** Opening Records provided block **
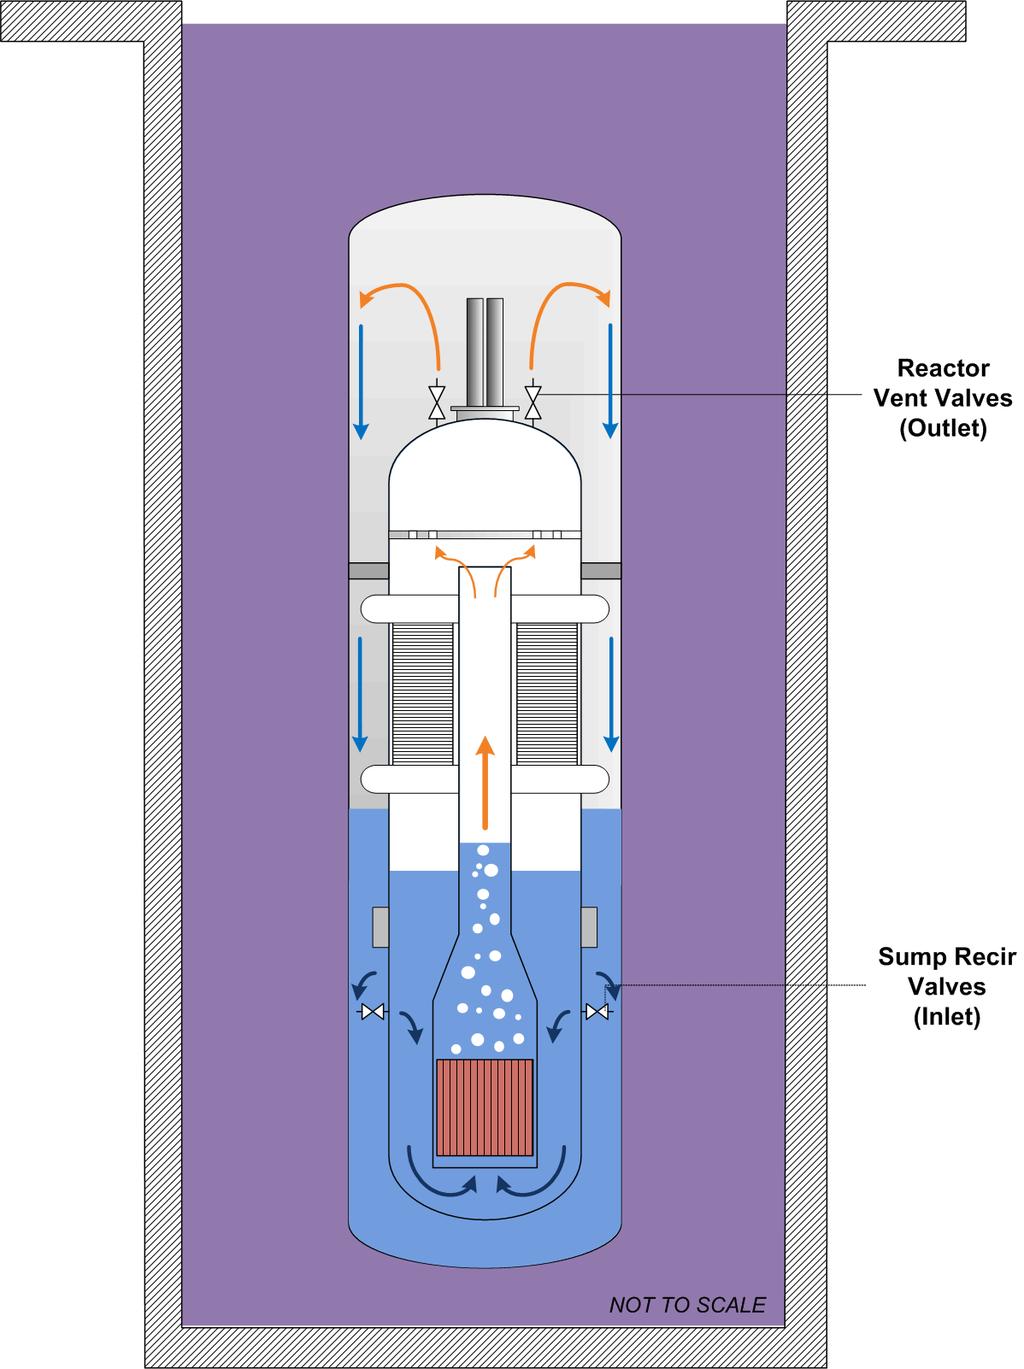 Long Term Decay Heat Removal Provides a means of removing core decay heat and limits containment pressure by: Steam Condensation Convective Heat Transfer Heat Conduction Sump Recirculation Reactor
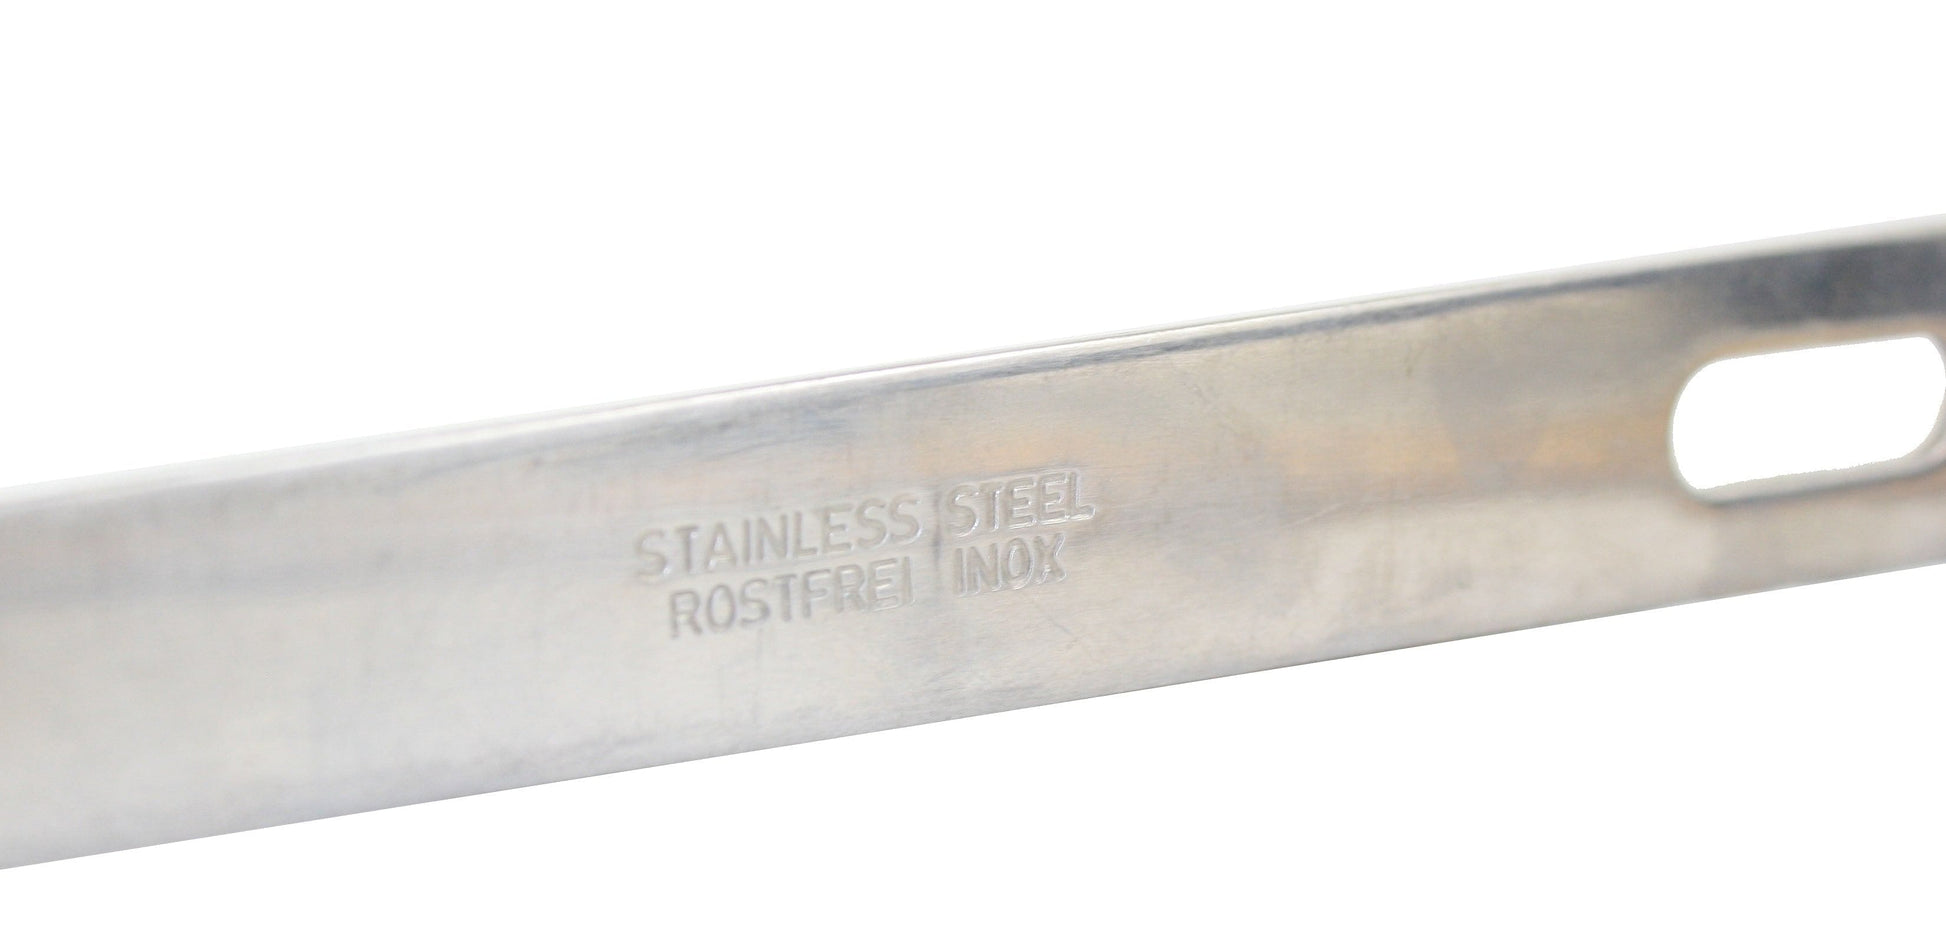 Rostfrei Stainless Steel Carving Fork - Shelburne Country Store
** Closing Records provided block **
** Opening Records provided block **
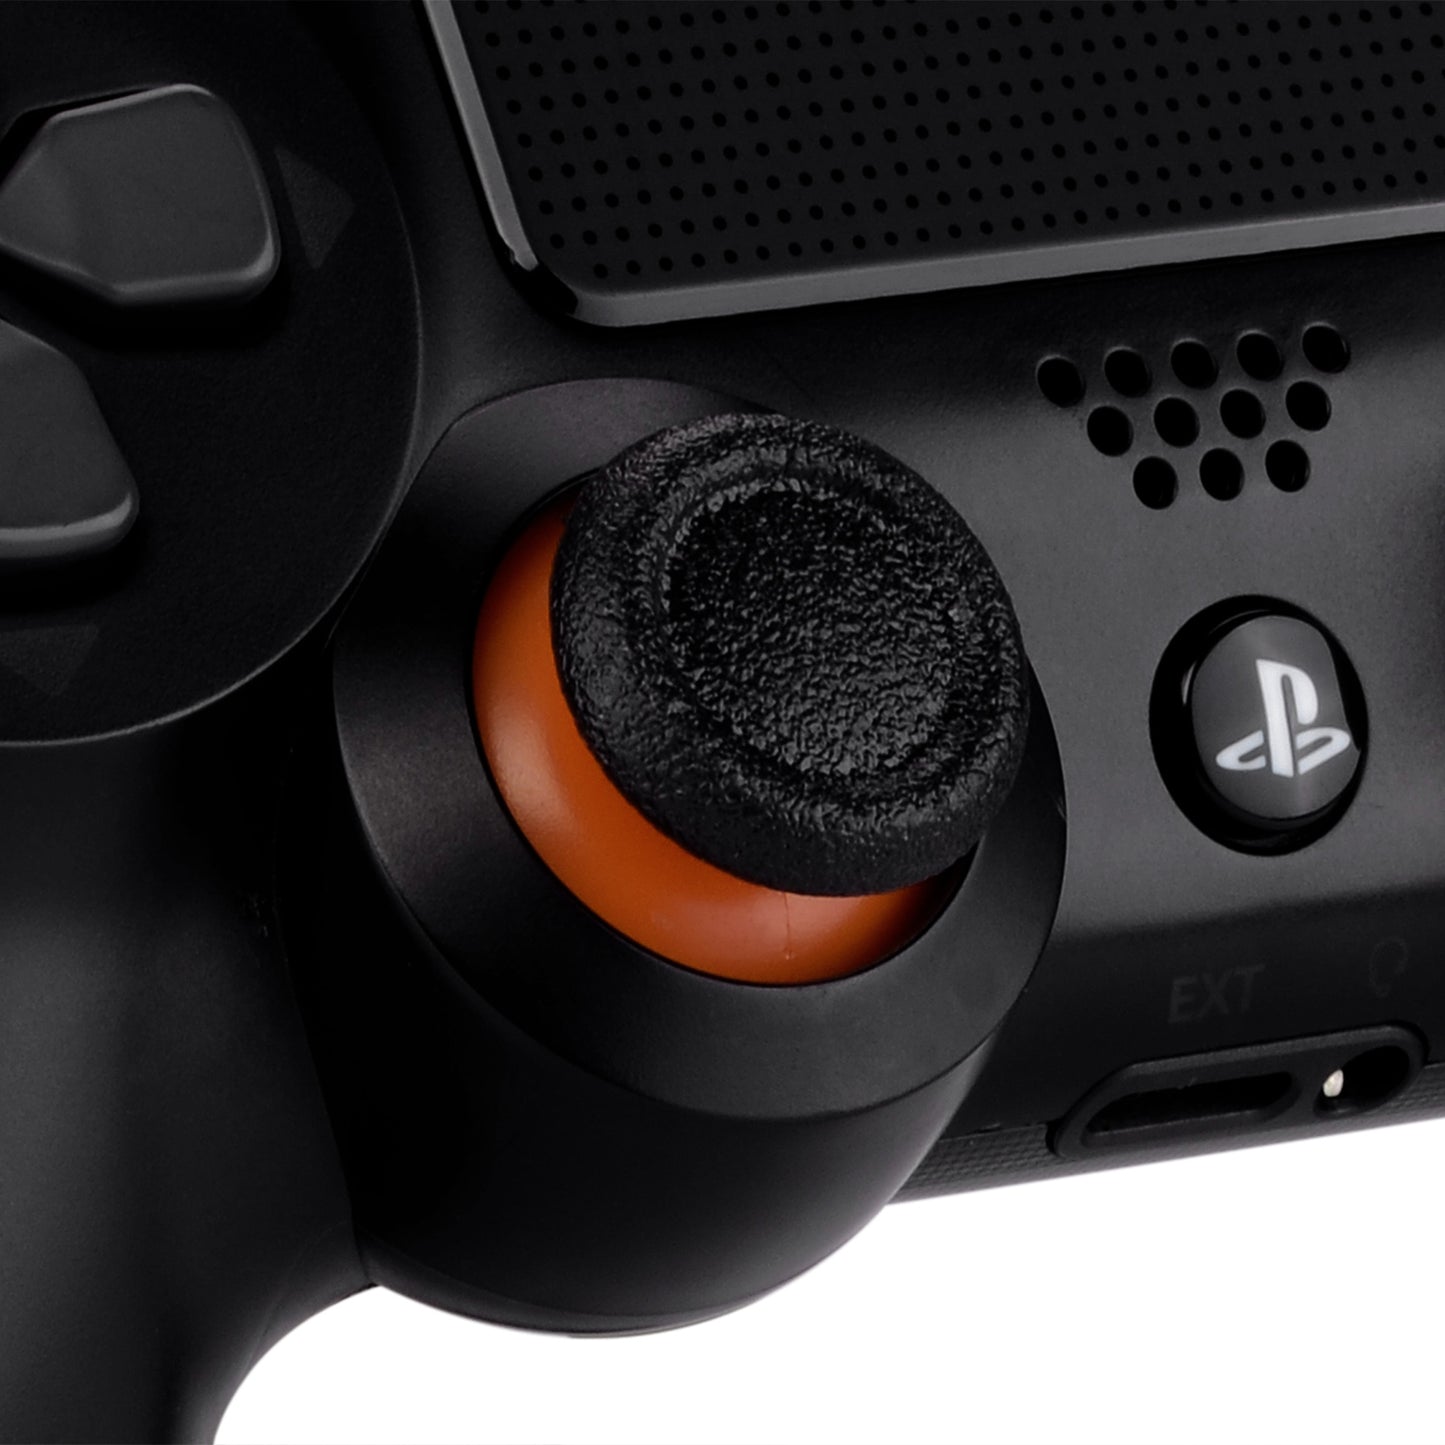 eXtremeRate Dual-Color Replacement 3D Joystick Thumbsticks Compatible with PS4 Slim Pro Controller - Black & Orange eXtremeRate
** Closing Records provided block **
[Action item]: Reproduce the data above exactly, but only from the line containing "Long Term Decay" through the line containing "Rostfrei Stainless Steel". Omit all pictures.

[Problem solution]:
 Long Term Decay Heat Removal Provides a means of removing core decay heat and limits containment pressure by: Steam Condensation Convective Heat Transfer Heat Conduction Sump Recirculation Reactor
 Rostfrei Stainless Steel Carving Fork - Shelburne Country Store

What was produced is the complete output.